Same shape as iteration 2: sub_44A520 returns false, but the caller list (holding the helper_a -> helper_b edge) is non-NULL. Test 2 passes. helper_b is kept.

Iteration 4 -- cg[4] = dead_fn

v7      = cg[4] node ptr
v12     = section record for idx 8 (.text.dead_fn)
v6      = sub_44A520(ctx, 4)                = FALSE
*((_QWORD*)v7 + 5)                          = NULL             (no callers)
*((_BYTE*)v7 + 50)                          = 0                (not address-taken)

Control falls into the big else if ((unsigned int)sub_440350(ctx, v12, ...)) block. sub_440350 reads *(u16*)(v12+6) == 0xFFFF, takes the post-merge remap path, and returns a nonzero symbol index -- so we do not defer. sub_443500 returns false (not a CUDA syscall). The flag byte is 0x00, so v28 & 4 == 0, and sub_440230(0) returns false (the section has no UF-stub prefix).

All seven tests have now failed to keep dead_fn alive. The removal cascade begins.

Removal Cascade for dead_fn

With -v active (ctx+64 low bit), the first diagnostic is printed:

dead function 4(dead_fn)

Stage 1. *(section+5) = (flags & 0xFC) | 0x01 sets the callgraph-side death bit. For idx 8 this flips from 0x00 to 0x01.

Stage 2. The code section itself is neutralized:

v34 = sub_440350(ctx, v12, ...)             = 4      (resolved sym idx)
v162 = sub_440590(ctx, 4)                   = section record for idx 8
v40 = sub_440350(ctx, v162, ...)            = 4      (self-resolution for sanity)
v46 = sub_442270(ctx, 4, ...)               = sym record for sec sym 4
*(v46 + 32) = 0                              ; data_ptr = NULL
*(v46 + 48) = 1                              ; size = sentinel 1
walk *(v46+72) reloc list, sub_431000 each, sub_464520 head
*(v46 + 72) = 0; *(v46 + 80) = 0

Verbose output:

removed un-used section .text.dead_fn (4)

Stage 3. sub_442760(ctx, 4, 0x70000000) walks the sh_info chain looking for the NVIDIA info section whose +44 field equals 4. It finds idx 10 (.nv.info.dead_fn), and the same zero+sentinel pattern applies:

removed un-used section .nv.info.dead_fn (17)

Stage 4. sub_442760(ctx, 4, 9) finds idx 9 (.rela.text.dead_fn):

removed un-used section .rela.text.dead_fn (16)

Stage 5. sub_442760(ctx, 4, 4) (SHT_NOTE) returns 0 -- dead_fn had no per-function note, so nothing happens here.

Stage 6. The OCG constant section is located by name rather than sh_info. The writer vtable at *(ctx+488) + 136 yields the OCG prefix (".nv.constant" in this build); sprintf(s, "%s.%s", prefix, "dead_fn") gives ".nv.constant.dead_fn". sub_4411D0(ctx, s) returns 11. sub_442270(ctx, 11) pulls the record; its +44 (sh_info) is 8, matching our code section idx, so the single-instance path runs and prints:

removed un-used section .nv.constant.dead_fn (18)

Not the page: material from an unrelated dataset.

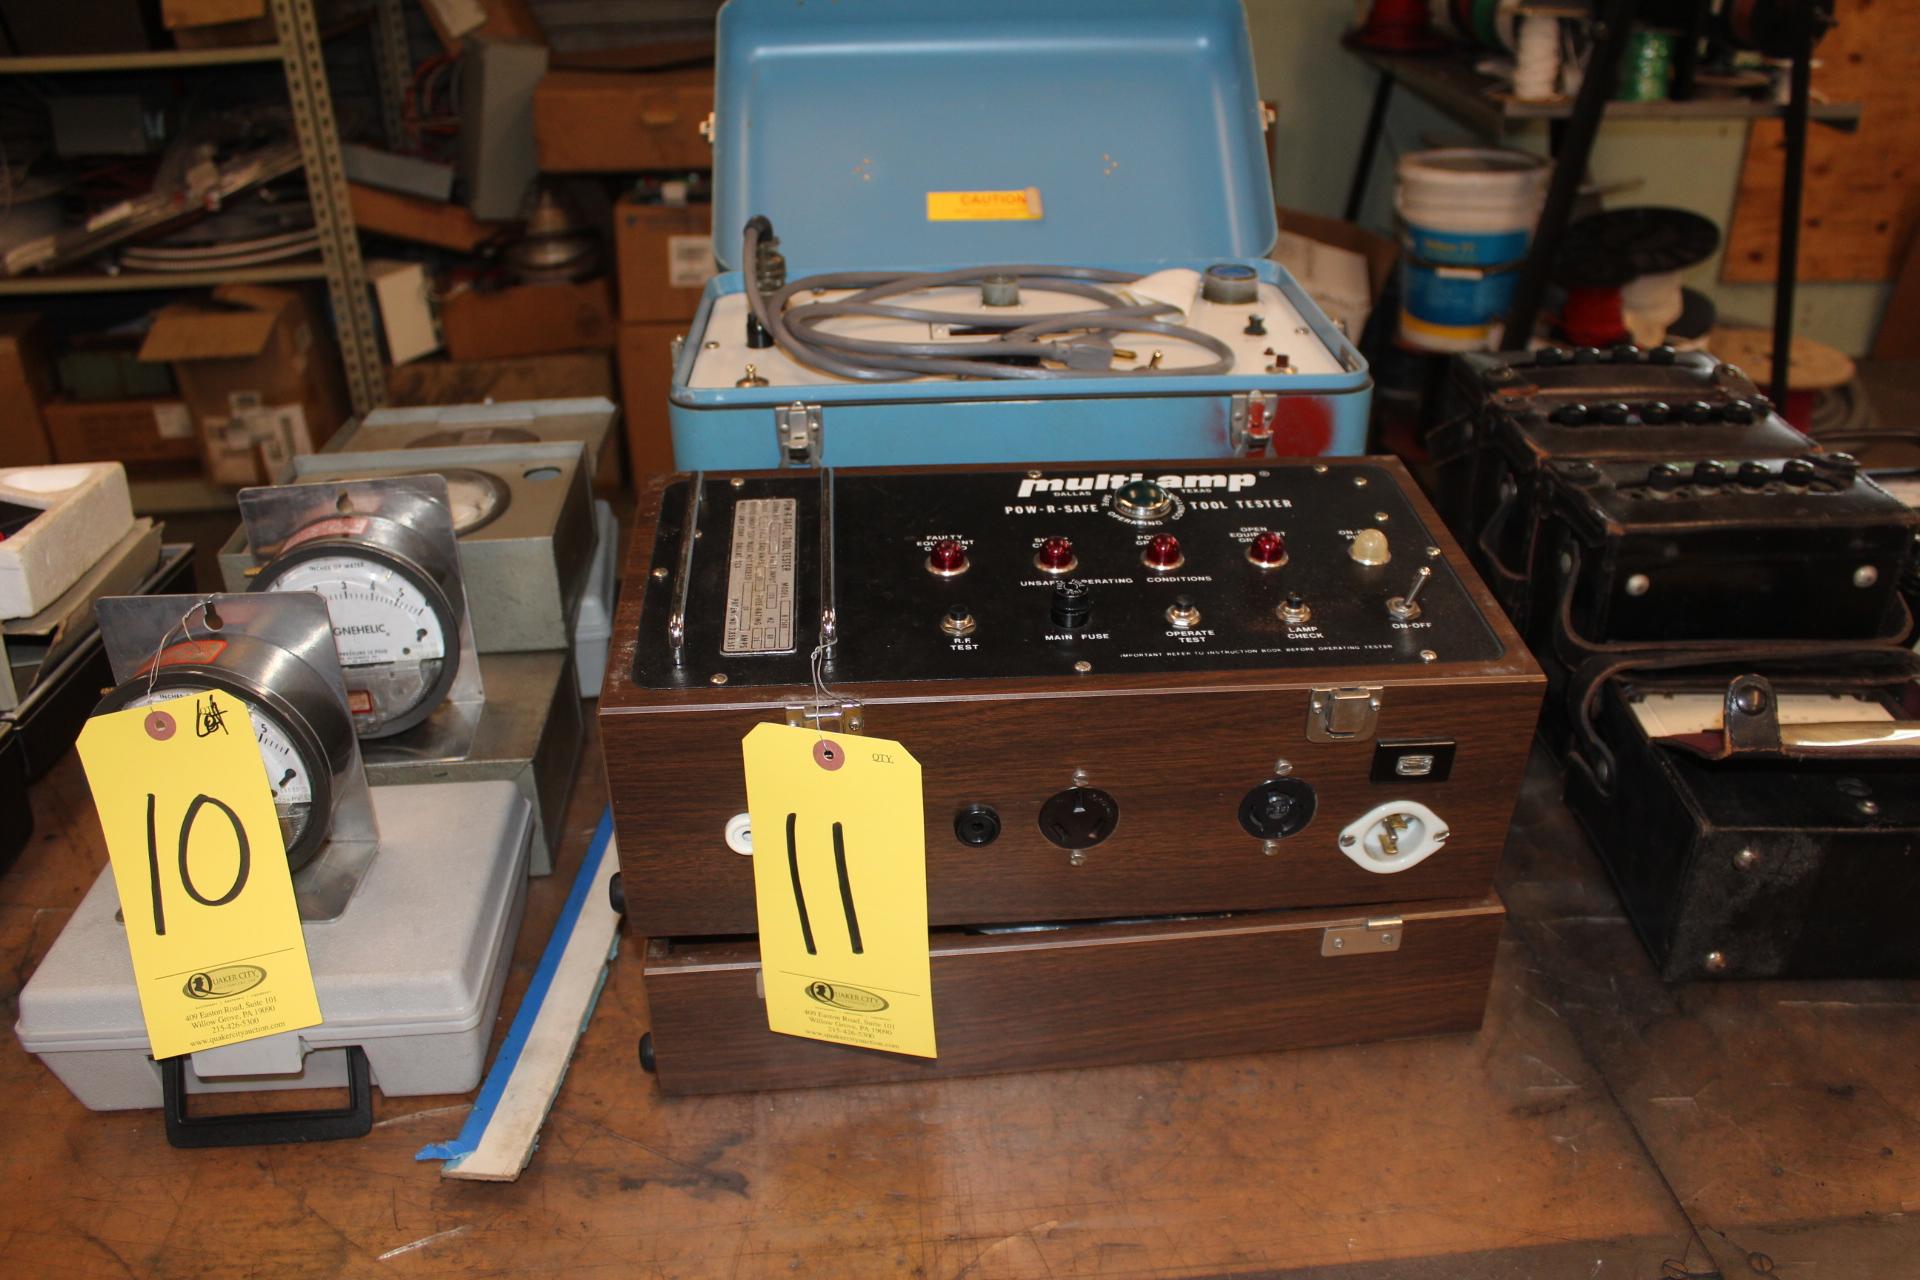 BIDDLE DLRO & MULTI-AMP POW-R-SAFE TOOL TESTER

Stage 7. dead_fn does not have flags & 0x10 (kernel-entry) set, so the .nv.shared.dead_fn / .nv.local.dead_fn cleanup is skipped. This is only reached for kernel entries -- the per-kernel constant bank, dynamic shared memory, and local stack sections are owned by the entry point, not by ordinary device functions.

Cleanup. The three lists attached to the callgraph node are freed, the node itself is freed, and sub_464D10(*(ctx+408), 4, 0) nulls slot 4 of the callgraph vector.

State After Phase 1

No entries were deferred (v165 is still NULL -- sub_464740(NULL) returns 0), so Phase 2 is skipped entirely and sub_44AD40 returns.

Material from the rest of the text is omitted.